# Potbox for Electric bikes/trikes, what did you use?



## HighTech (Nov 12, 2008)

Ok, this is not entirely my project and a buddy wants to just use a pot box that can handle 30 Amps to go straight to his 12 Volt DC motor. I indicated it would work, but then upon searching for any pot box to rig to his trike we are finding a variety of prices ranging from 80 bucks on up, which I thought I saw some on here that got a decent pot box for around 20 bucks, but can't remember who it was. So if any of you have converted your bike to electric, what did you use and how much and where did you buy it from? Also, what ratings were the pot boxes? He is pretty much cheap like I am when it comes to these little test projects for amusement, but any help or ideas on a good little pot box that can handle 30 Amps DC would be great. Would like to hear different versions and if anyone used a rotating pot or just went with the rocker pot box, or which did you use?


----------



## frodus (Apr 12, 2008)

I wouldn't recomend using a potbox. Use a real controller. The range and efficiency will be complete crap with just a rheostat. at 1/2 throttle, the loss will be 1/2 through the pot and 1/2 to the motor.

And I suspect, that even though the motor may be 30A, there's nothing to limit that current, so if you really jam the motor on full, it'l draw whatever it wants to draw, which could be way higher than 30A.
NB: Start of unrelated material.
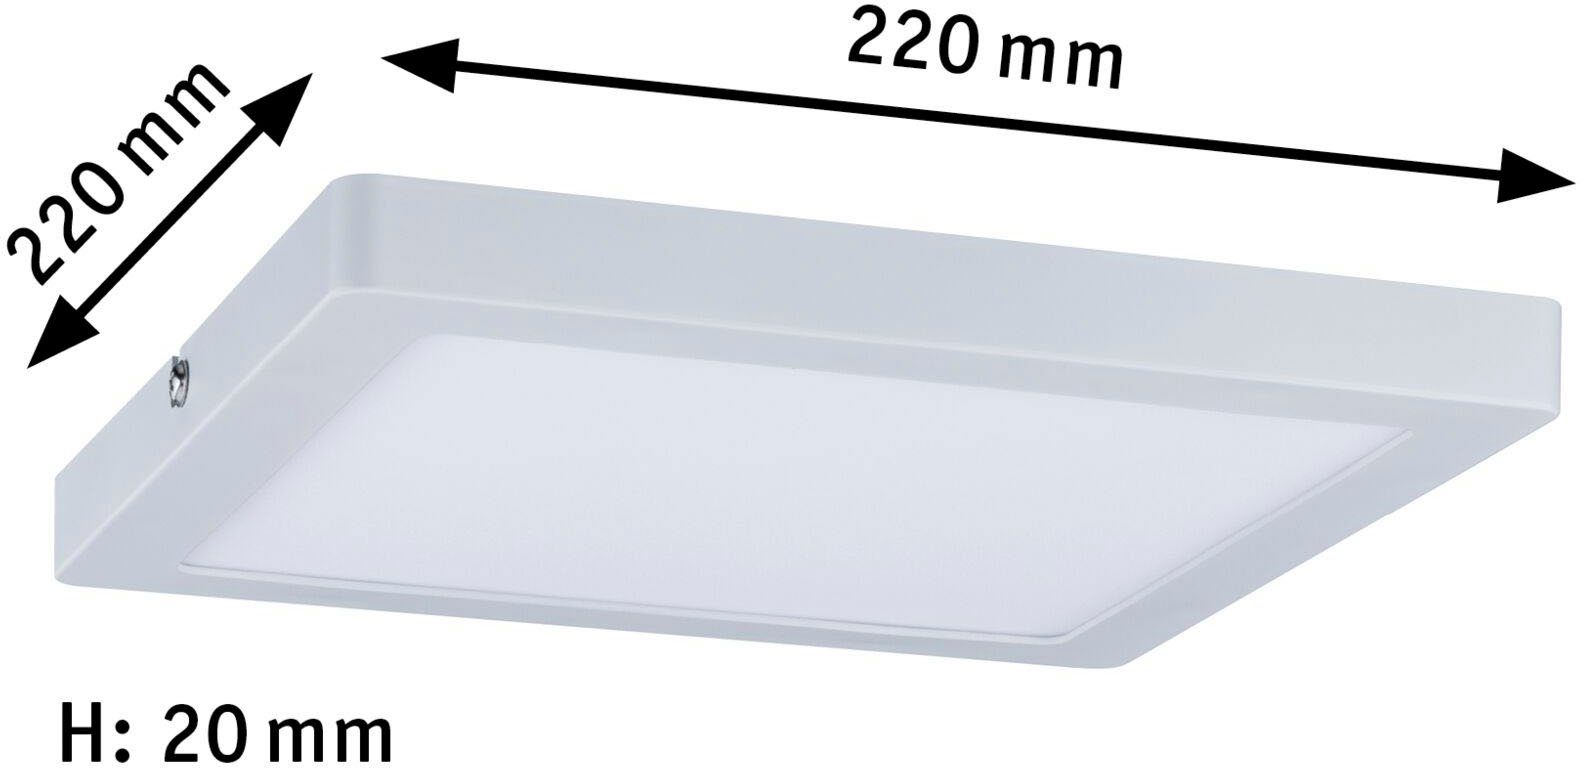 Paulmann LED Panel eckig Atria matt, LED matt Weiß integriert, 14W fest 220x220mm Neutralweiß, 4.000K 4.000K 220x220mm eckig 14W Weiß Atria

Spend the money on a decent controller for a bike.


----------



## TX_Dj (Jul 25, 2008)

Yup, exactly that.

When we talk about "pot boxes" it's the little tiny thing that tells the controller how much power to apply, not the thing that carries the power between the battery and controller.

On my scooter, I use a little hall-effect twist grip that is specifically made for my controller. My controller limits continuous current around 28A, but allows spikes over 30A for a couple seconds (helpful to get rolling).


----------